■ Dataset excerpt ■
<<<<

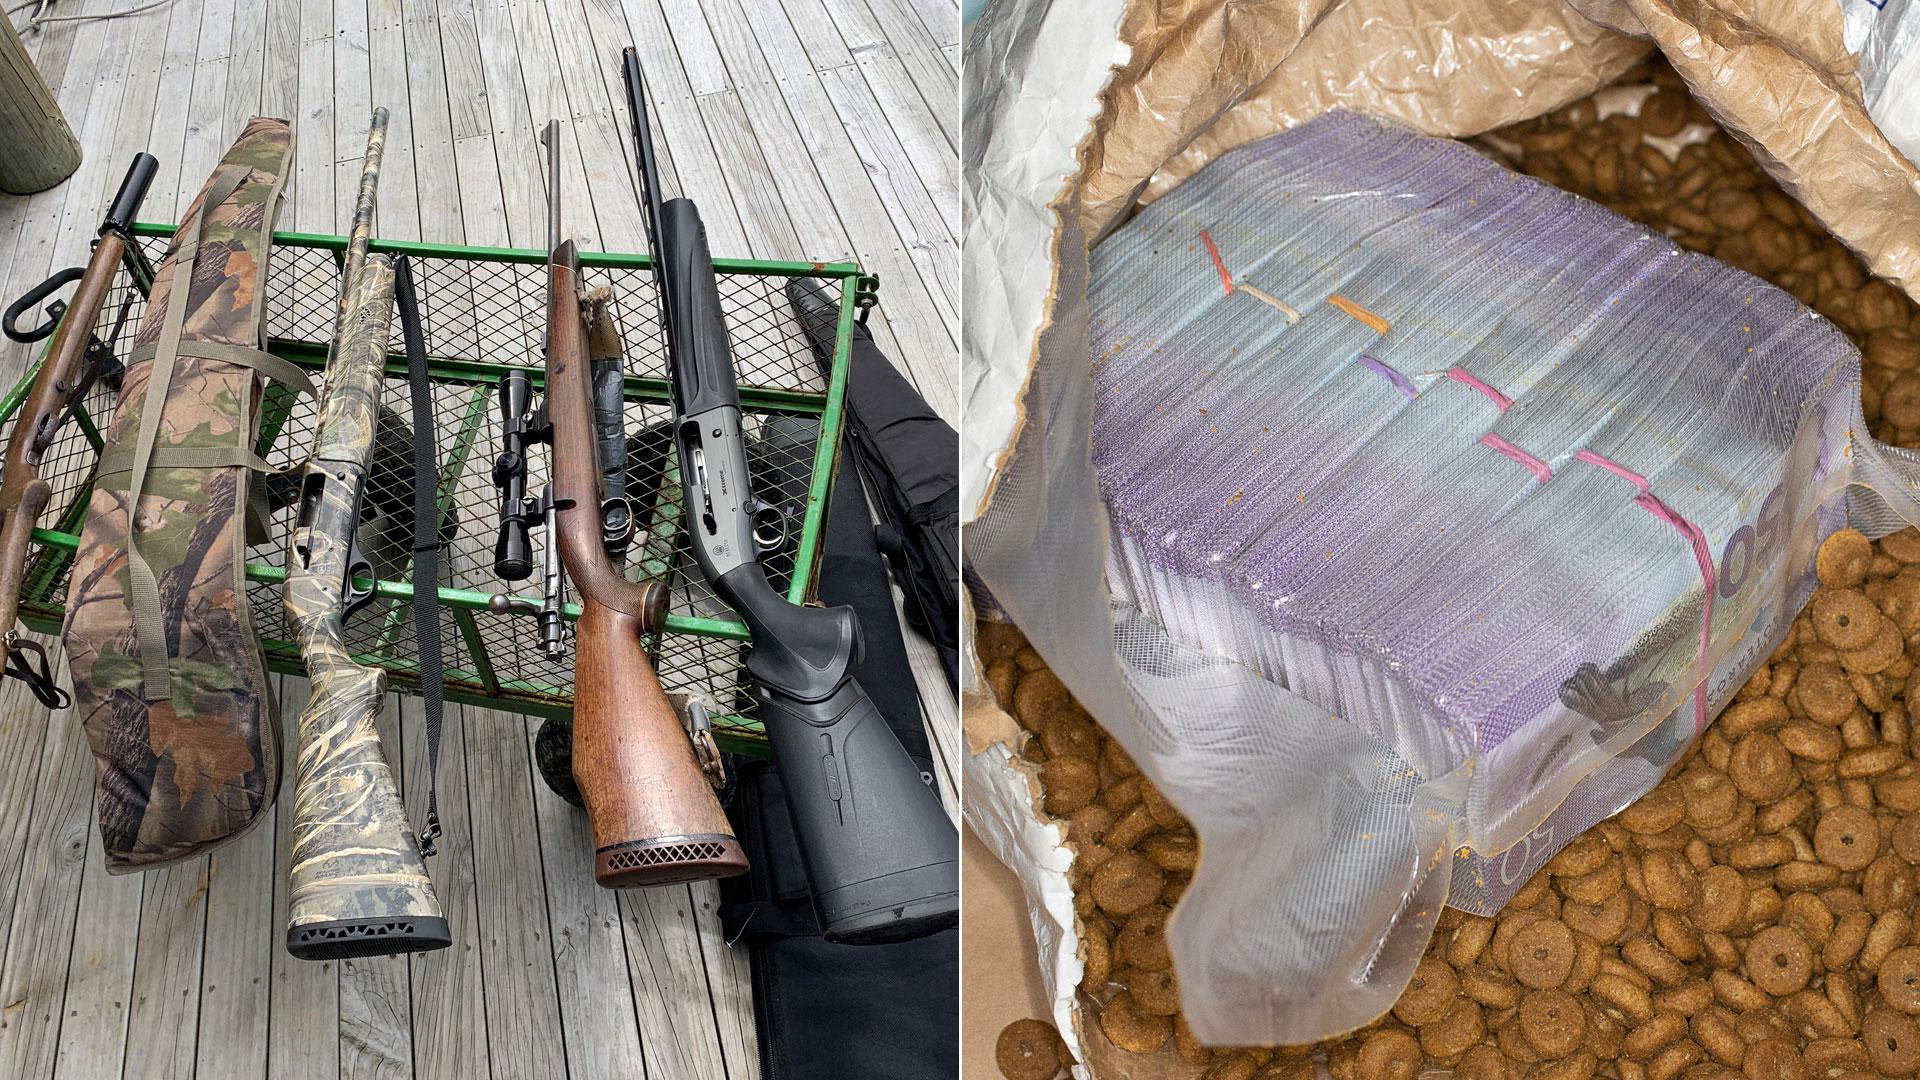 Seven arrested, $3.5m in assets seized after drug dealing operation dismantled
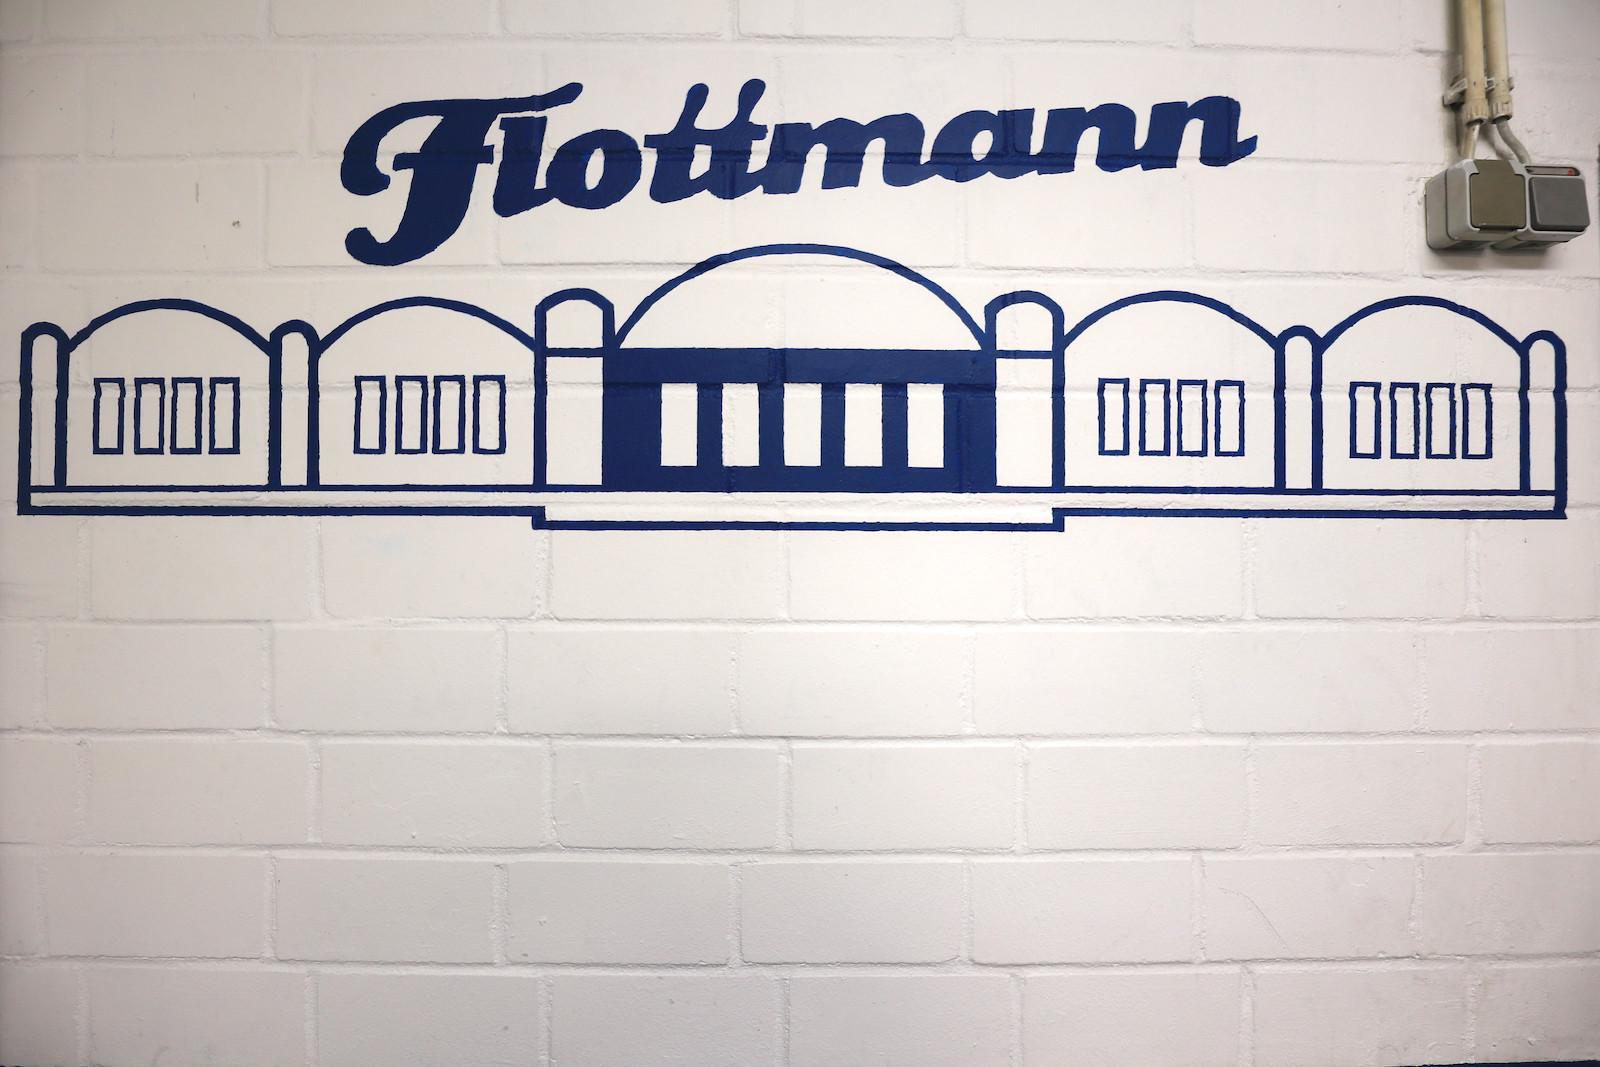 Flottmann Hallen. Als Begegnungs- und Kunstort ist das ehemalige Werk inzwischen seit über 30 Jahren erfolgreich.
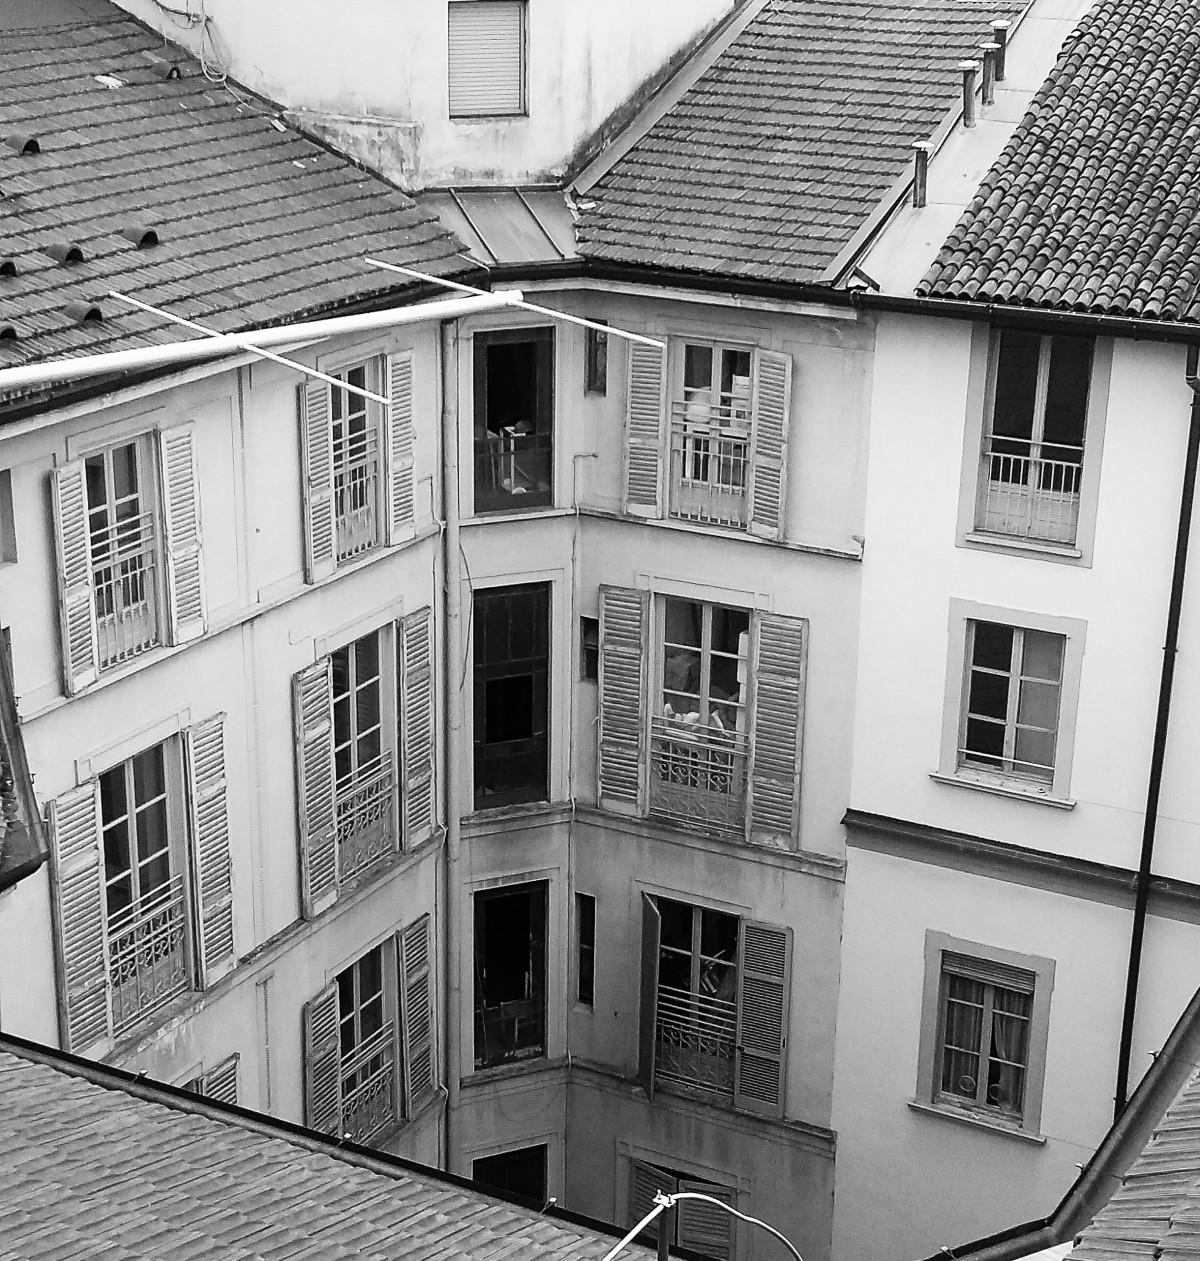 kostenlose foto baum die architektur stra e haus blume gasse new york manhattan balkon. Black Bedroom Furniture Sets. Home Design Ideas
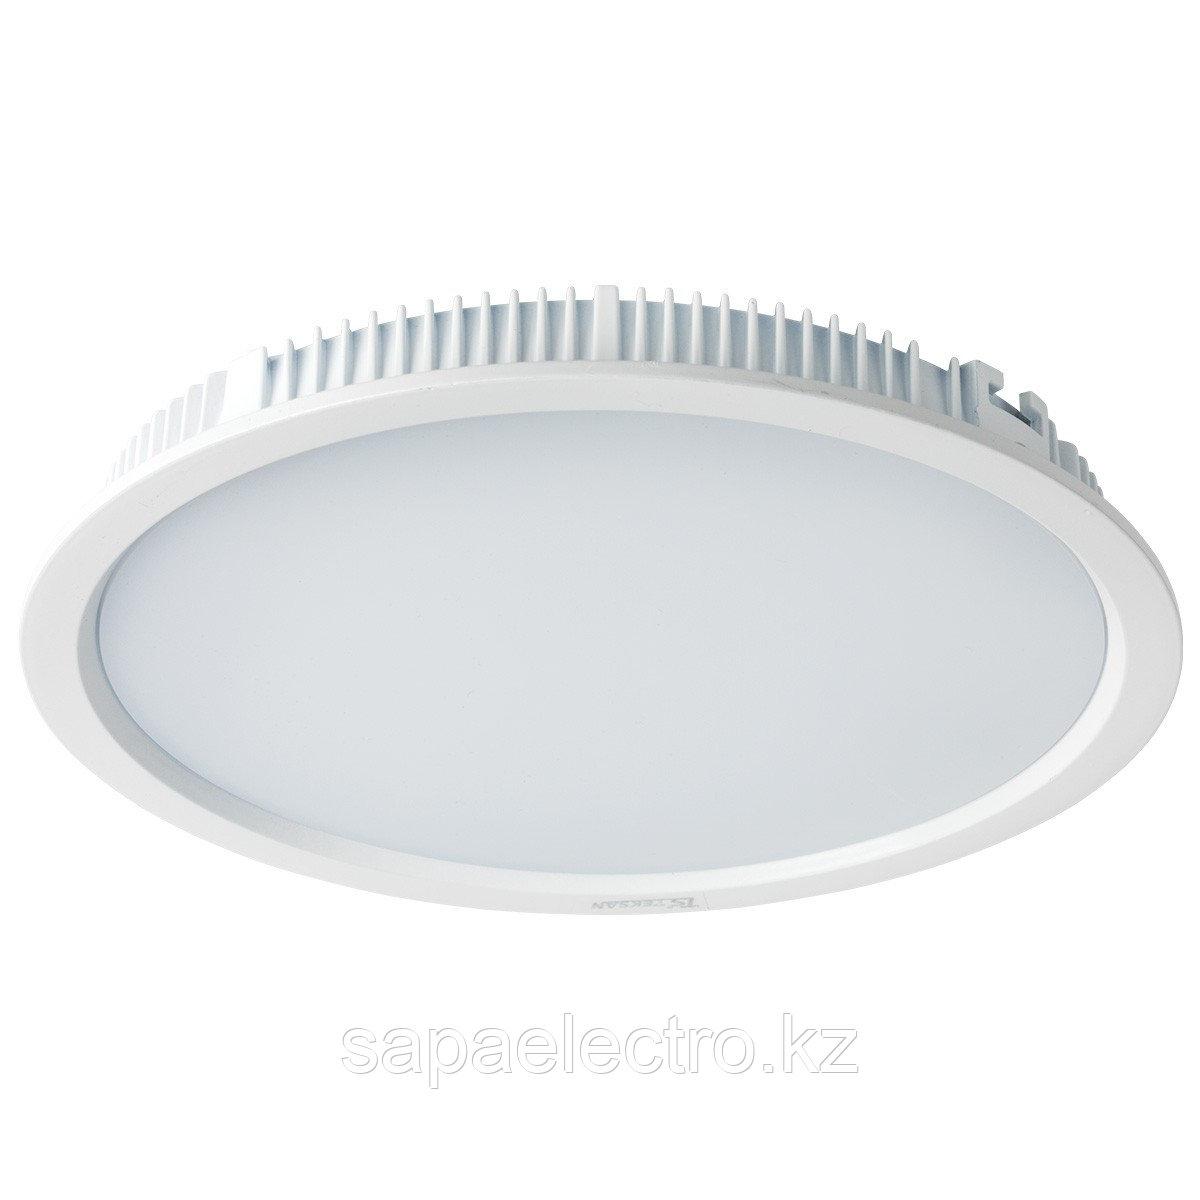 Свет-к LED RD PANEL 30W 6000K WHITE (TEKSAN) 20шт

>>>>

■ Task details ■
Write the material out again exactly. Skip each picture.

■ Output for this task ■
 Seven arrested, $3.5m in assets seized after drug dealing operation dismantled
 Flottmann Hallen. Als Begegnungs- und Kunstort ist das ehemalige Werk inzwischen seit über 30 Jahren erfolgreich.
 kostenlose foto baum die architektur stra e haus blume gasse new york manhattan balkon. Black Bedroom Furniture Sets. Home Design Ideas
 Свет-к LED RD PANEL 30W 6000K WHITE (TEKSAN) 20шт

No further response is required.